Керстен всегда знал, как лучше всего использовать Гиммлера себе на пользу, и умел выходить сухим из воды. Обычно вокруг него возникала большая путаница, так что невозможно был понять, что происходит. Но без поддержки Гиммлера Кальтенбруннер и Мюллер добились бы его гибели и гибели Лангбена в 1943 г. или самое позднее в 1944-м.
Но вернемся в тот августовский вечер 1942 г. После долгого разговора я был совершенно уверен, что Керстен не только согласился с моими идеями в отношении компромиссного мира, но и с воодушевлением их воспринял. Он полностью поддержал мои планы и согласился использовать все свое влияние на Гиммлера, чтобы подготовить для меня пути. Он уверил меня, что я могу пройти долгий путь с Гиммлером, который был обо мне высокого мнения! Наконец у моих планов появился первый активный сторонник.
Затем Керстен начал рассказывать мне о своих собственных затруднениях. Ему нужна была защита от враждебно настроенного к нему Мюллера, и я пообещал ему свою помощь. Когда я рано утром лег в постель, я не мог заснуть. Снова и снова мои мысли возвращались к вопросу о том, как убедить Гиммлера в правильности моих идей.

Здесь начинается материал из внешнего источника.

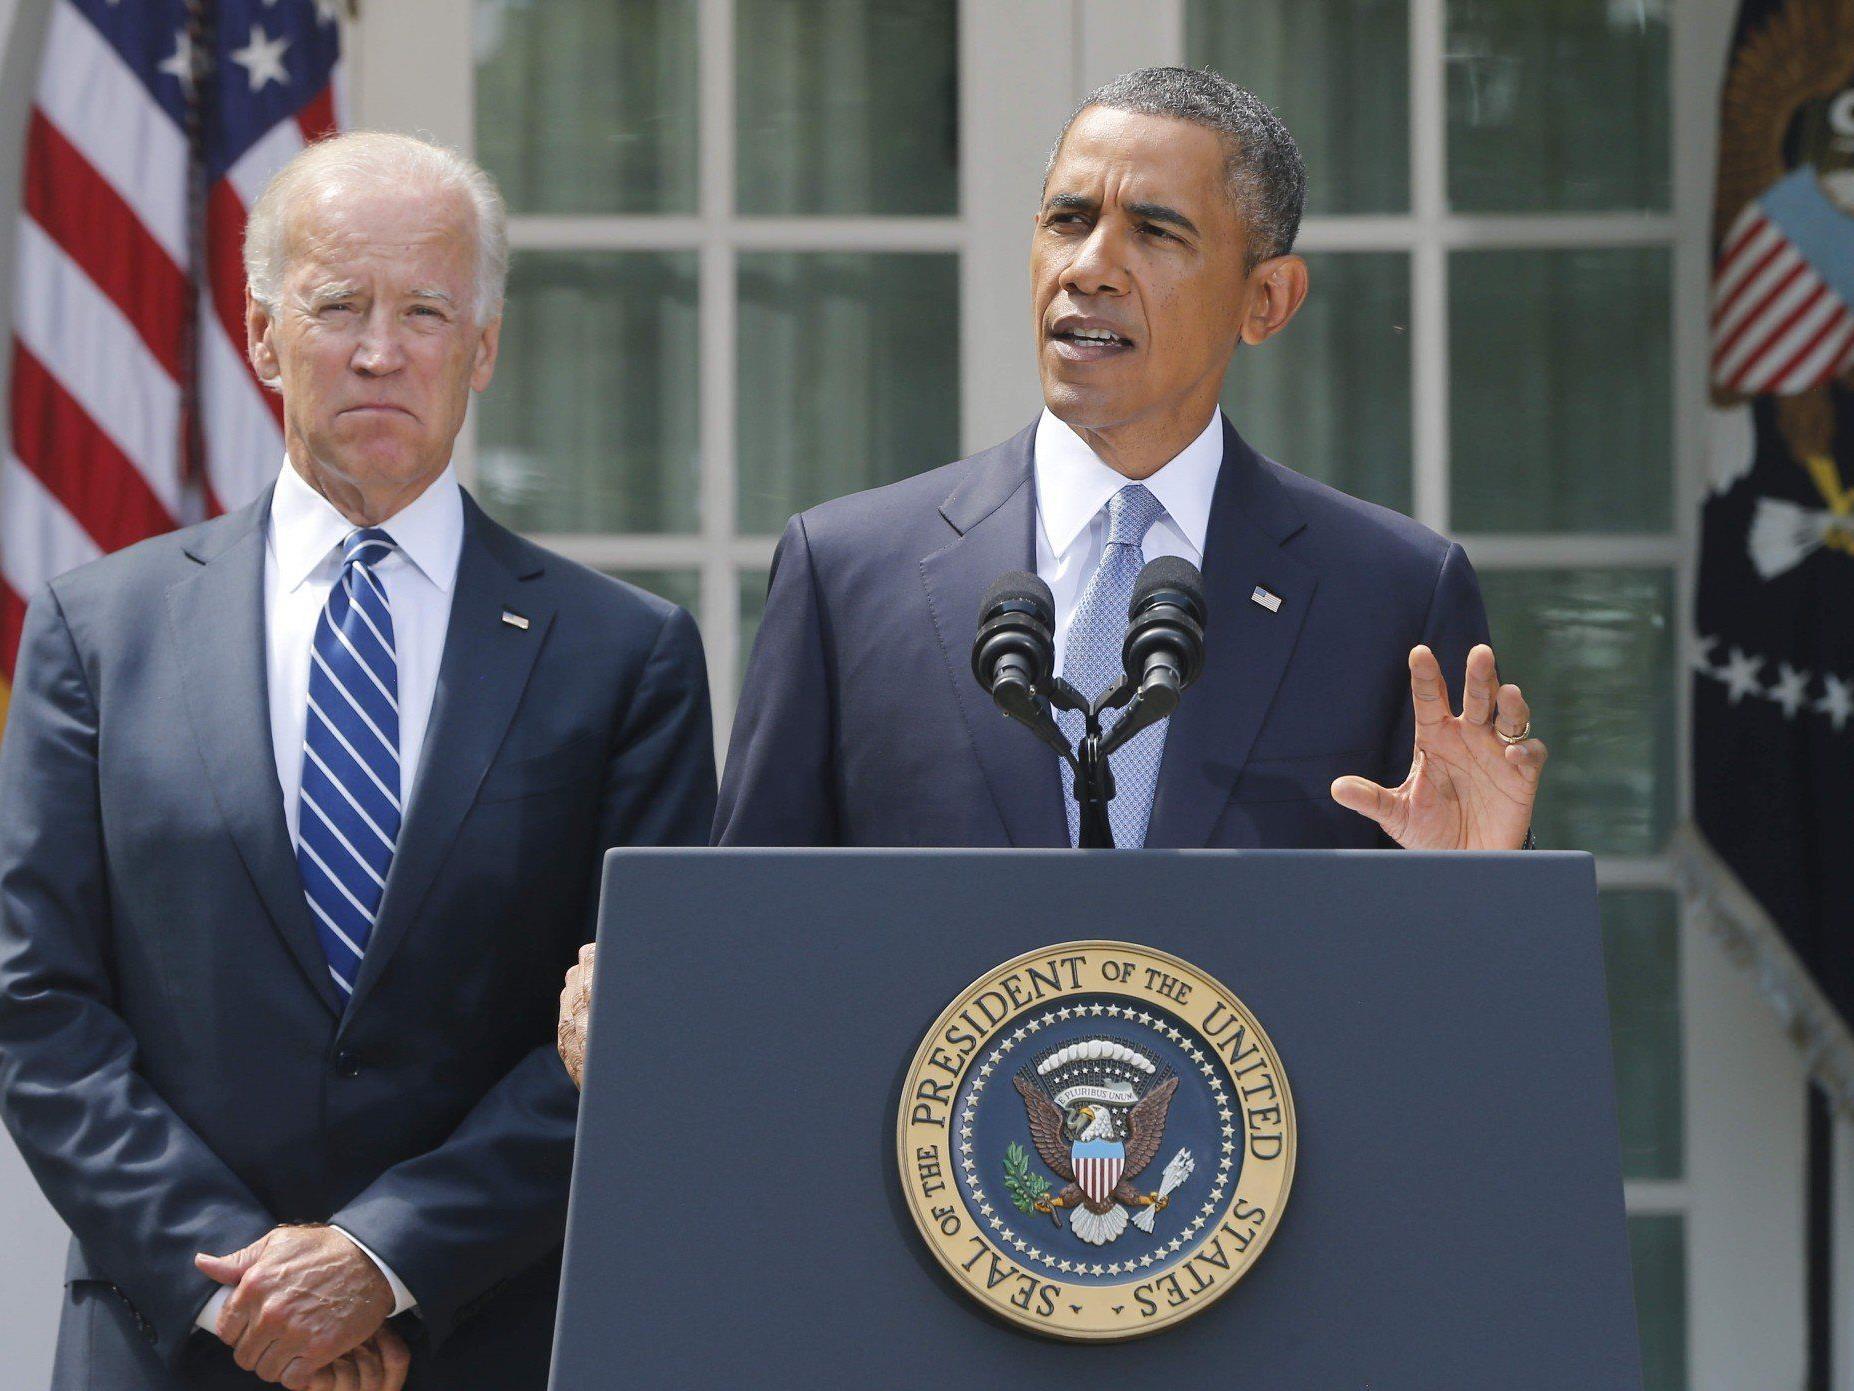 Obama macht Militärschlag von Syrien von Kongressvotum abhängig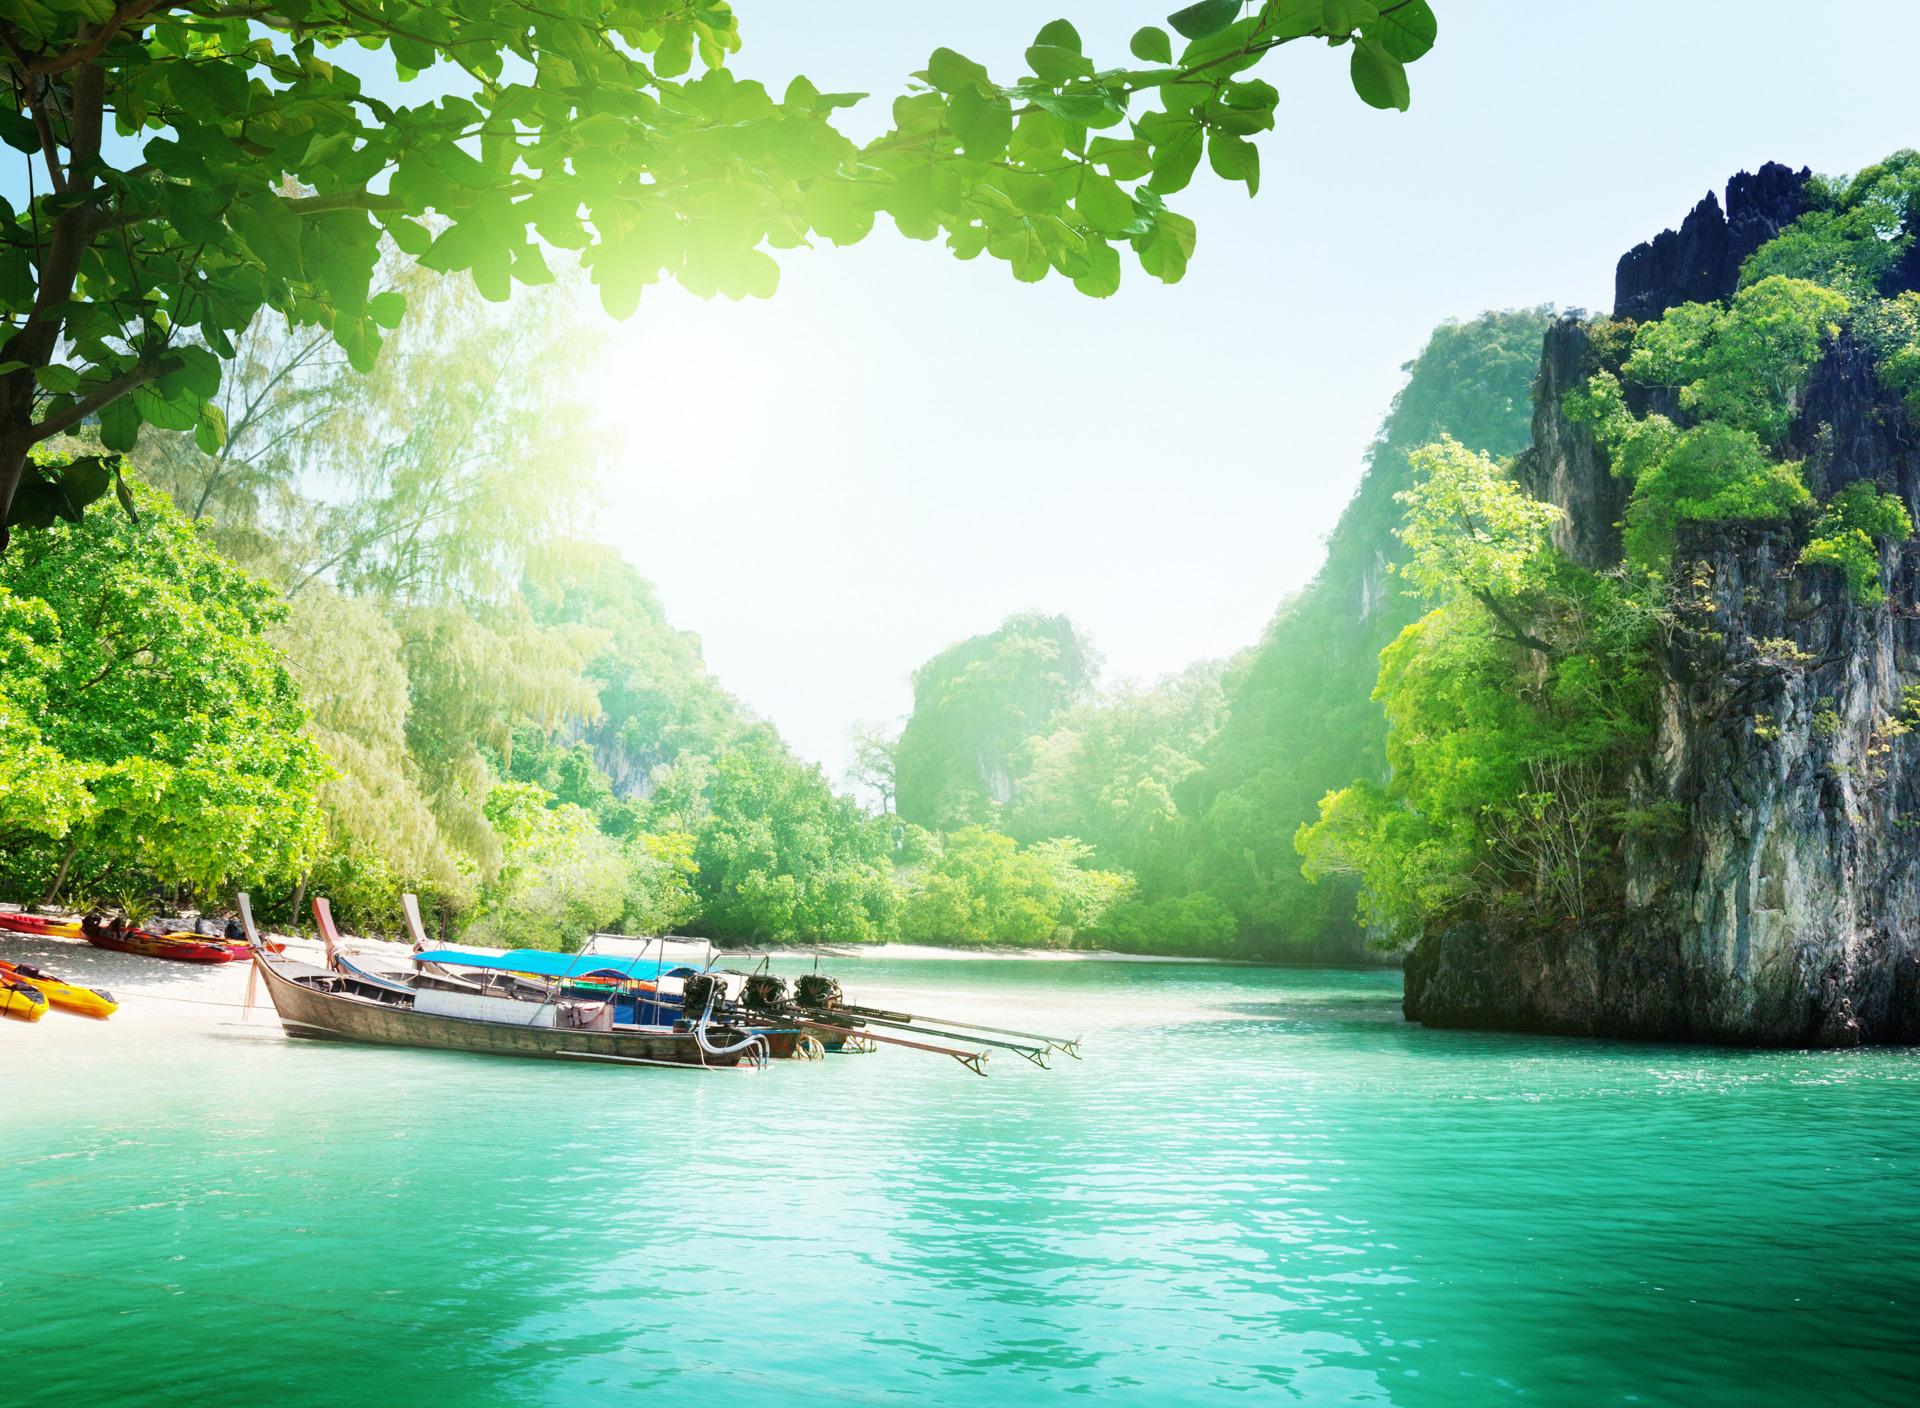 Добрым, картинки про тайланд

На следующее утро я был неожиданно вызван к Гиммлеру. Он планировал поехать в Винницу и перед отъездом хотел, чтобы я проинформировал его о текущем состоянии китайско-японских переговоров о компромиссе. Это заняло все утро. Я уже почти закончил свое краткое изложение вопроса, когда Гиммлер вдруг изменил тему разговора, сказал, что он рад, что я подружился с Керстеном, и попросил меня исправить и мои отношения с Лангбеном.
Мне показалось, что настал момент изложить ему то, что занимало все мои мысли. Гиммлер, вероятно, заметил, что мои мысли чем-то заняты, потому что он внезапно сказал: «Вы такой серьезный — вы себя плохо чувствуете?»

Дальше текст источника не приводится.